MB: That’s one of my favorite things about what we do. What FOS does is a pretty clear lane of content, where I feel a lot of brands in the sports media space now, the lines blur on what they cover. Or they just try to cover everything. That feels difficult to me and makes the space really clouded.

Initially, a lot of that had to have a dollar figure in it. But we were able to expand it a little bit to where we started to include things adjacent to the business of sports. So you know, directly that’s money. Indirectly, that’s innovation, historical hires, and achievements of any kind from an organization.

At the root of it, it’s always, what are people responding to positively or what’s getting engagement? I’m not going to keep posting something, even if I feel like it’s important, if no one cares about it or it feels like no one cares about it.

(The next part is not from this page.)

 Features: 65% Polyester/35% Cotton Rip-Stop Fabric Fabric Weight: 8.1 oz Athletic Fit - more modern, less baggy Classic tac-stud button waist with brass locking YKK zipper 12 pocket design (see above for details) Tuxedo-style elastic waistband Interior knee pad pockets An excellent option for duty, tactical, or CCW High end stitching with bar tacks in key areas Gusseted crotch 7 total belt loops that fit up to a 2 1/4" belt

I think the biggest one for me, that I’m able to point back to is athlete-driven human interest stories. I think people are always interested and want to see more of what athletes are doing. They like hearing more of their stories off the field. It’s easy to talk about teams as a whole or giant billion-dollar corporations but I think when I’m able to be like, ‘Tyler, Lockett is an all-pro wide receiver for the Seahawks but he also has his own real estate firm, and he’s now the official real estate agent of the Seahawks,’ people don’t know that stuff. It’s extremely fascinating.

AR: What’s your sort of strategic approach to growing that audience on different platforms?

MB: I wish there was an easy 30-second to minute answer where I could say, ‘This is what we do. And this is how you add followers.’ I think my approach has always been to just build up a stockpile of interesting content. We try to get to the point where someone says, ‘Okay, I have to see what’s next. And I have to see it from FOS.’ And that’s strictly from a social perspective, we have an incredible editorial staff that is like almost doing that for us.

We’re trying to become a place where people are like, ‘all of this is really interesting and no one else is covering it well enough.’ I think women’s sports are an easy place to point to in terms of lack of coverage. Those posts do incredibly well. The audience is there, and when you give them the platform, they respond. That’s a roundabout way to get to growth. From a content perspective, it’s building up all of that to a point where people don’t really have a choice but to follow FOS.

AR: So when you’re getting all this unique content from the site, how do you then determine what’s going to be a good play on Instagram, TikTok or Twitter(X)?

MB: A lot of other brands in the space will take something and distribute it across every platform. And if it’s a big enough story, that’s great. But we have always really prided ourselves, on curating things to each audience on each platform because they’re so different.

[For example Dickie V’s recovery] That’s something that at the root of is not an insanely strong business story. It’s more of a human interest story. I know a LinkedIn audience or our Facebook audience is going to appreciate that more than a Twitter (X) audience. So we were able to that and curate it for LinkedIn, where stories there are rooted in personal success, personal comeback and cool stories around people.

On Twitter everyone’s updating. ESPN Bet launches today, here’s the news around an offensive coordinator getting fired, things like that. Sometimes it can feel almost like you’re out of the loop if you’re posting something that doesn’t fit in that news cycle.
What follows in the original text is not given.